1. Stecker zur Befestigung eines integrierten Schaltungsgehäuses planarer Konfiguration auf einer Leiterplatte, wobei der Stecker folgendes umfaßt:
eine Abdeckeinheit (12) mit einer Rahmenstruktur (36) zur Befestigung des integrierten Schaltungsgehäuses darauf und mit einer Vielzahl von Nuten (32), in die eine Vielzahl von aus der Rückseite des Gehäuses (14) herausgeführten Stiften (20) eingeführt sind, wobei die Rahmenstruktur an einer (22) der Seitenkanten der Abdeckeinheit (12) angelenkt und durch Verriegelungseinrichtungen (44, 46, 48) zusammen mit der Abdeckeinheit arretiert ist, um das Gehäuse fest auf der Abdeckeinheit zu sichern;
eine Buchseneinheit (16) mit einer Vielzahl darin ausgeformter Öffnungen (54) und einer Vielzahl dielektrischer Vorsprünge (56) zur Aufnahme in den Nuten der Abdeckeinheit, wobei jeder dieser dielektrischen Vorsprünge mit Kerben (76) zur Aufnahme eines Kontaktelements (18) darin ausgeführt ist, um die Verbindung mit den Stiften des Gehäuses und der Leiterplatte (86) herzustellen;
wobei die Abdeckeinheit mit einem ersten Eingriffsabschnitt (58) an einer Seitenkante (24) versehen ist, welcher der an der Rahmenstruktur angelenkten Seitenkante gegenüberliegt; und
wobei die Buchseneinheit mit einem zweiten Eingriffsabschnitt (60) versehen ist, um die Abdeckeinheit mit der Buchseneinheit durch Zusammenwirken mit dem ersten Eingriffsabschnitt herausnehmbar zu koppeln.

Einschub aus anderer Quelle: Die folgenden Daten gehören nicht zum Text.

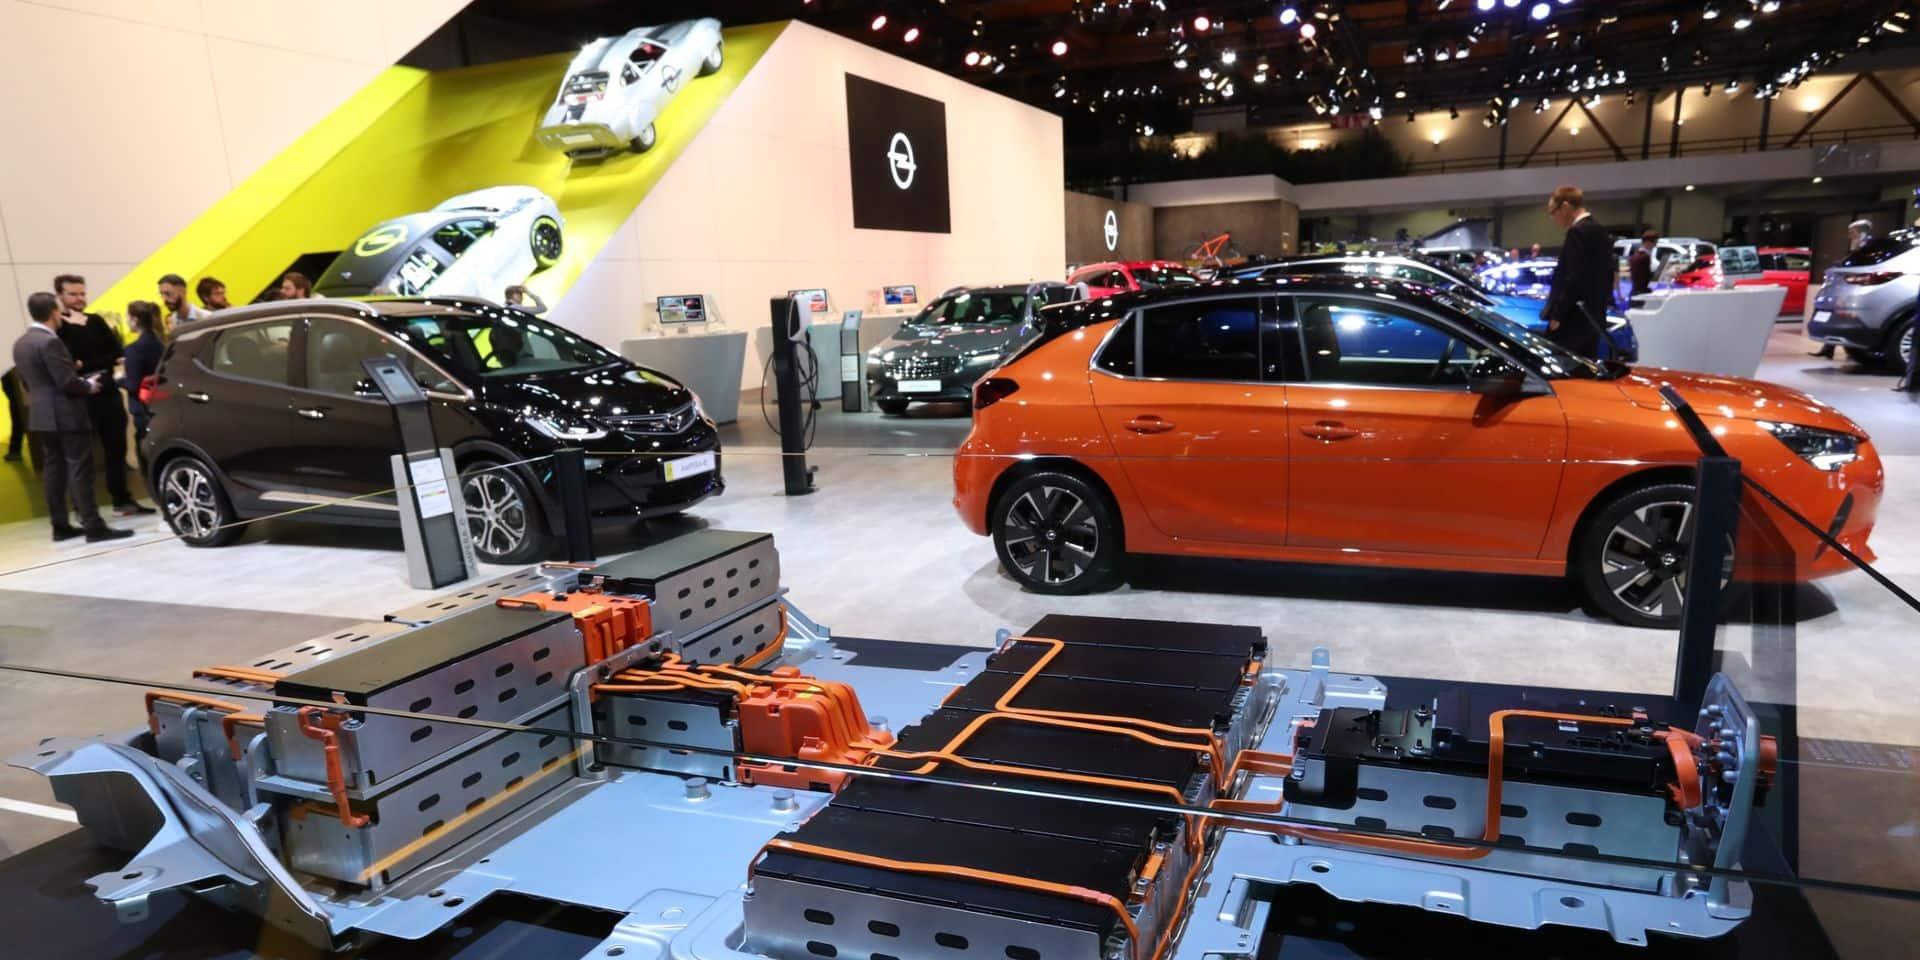 Salon de l'Auto: Opel réduit son réseau de concessionnaires et de points de vente en Belgique
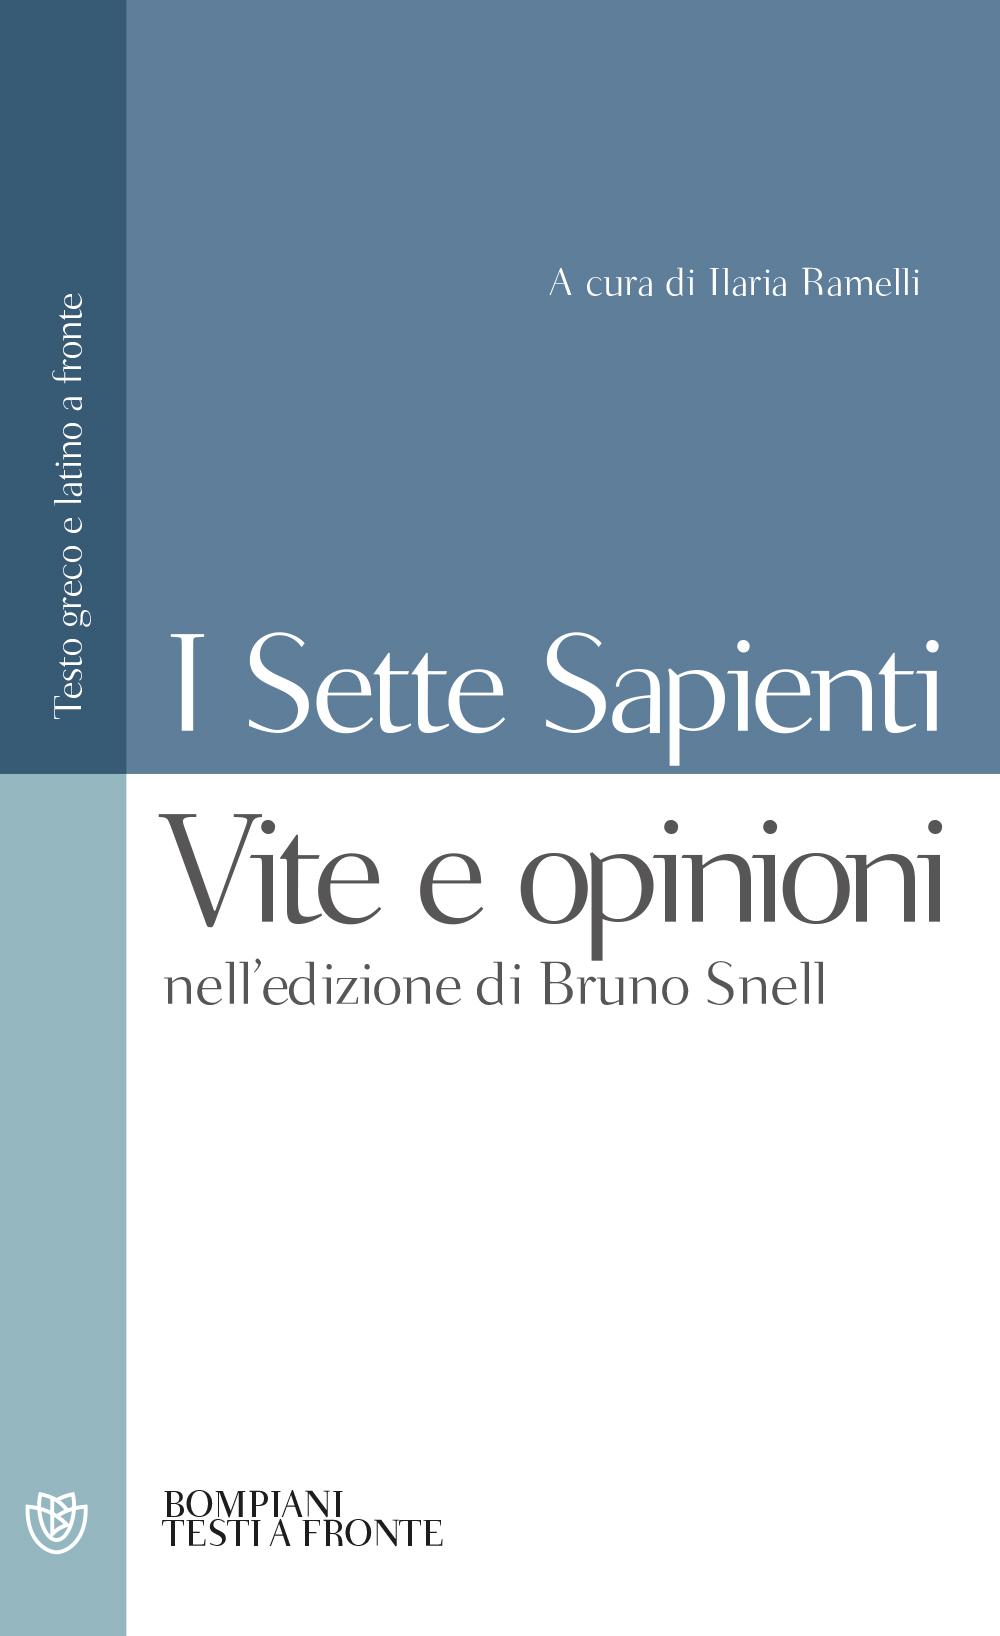 I sette sapienti. Vite e opinioni. Nell'edizione di Bruno Snell. Testo greco e latino a fronte

2. Stecker gemäß Anspruch 1, bei dem das integrierte Schaltungsgehäuse einem Stiftgittermatrixtyp entspricht.
3. Stecker gemäß Anspruch 1, bei dem die Verriegelungseinrichtungen aus einem Paar Arretierungselementen (44) mit einer in der Rahmenstruktur vorgesehenen Öffnung (46) und einem an der Abdeckeinheit angeordneten Nasenpaar (48) gebildet sind.
4. Stecker gemäß Anspruch 1, bei dem der erste Eingriffsabschnitt aus einem ersten zentralen Element (62) gebildet ist, das sich entlang der an der Rahmenstruktur angelenkten Seitenkante gegenüberliegenden Seitenkante der Abdeckeinheit erstreckt, und in seiner Rückseite einen Hohlraum (66) aufweist sowie mit Schenkelabschnitten (64) ausgeführt ist, welche sich von beiden Enden des zentralen Elements aus nach außen erstrecken, und bei dem der zweite Eingriffsabschnitt aus einem Armpaar (70) und einem zweiten zentralen Element (63) gebildet ist, das in den Hohlraum im ersten Eingriffsabschnitt einzupassen ist.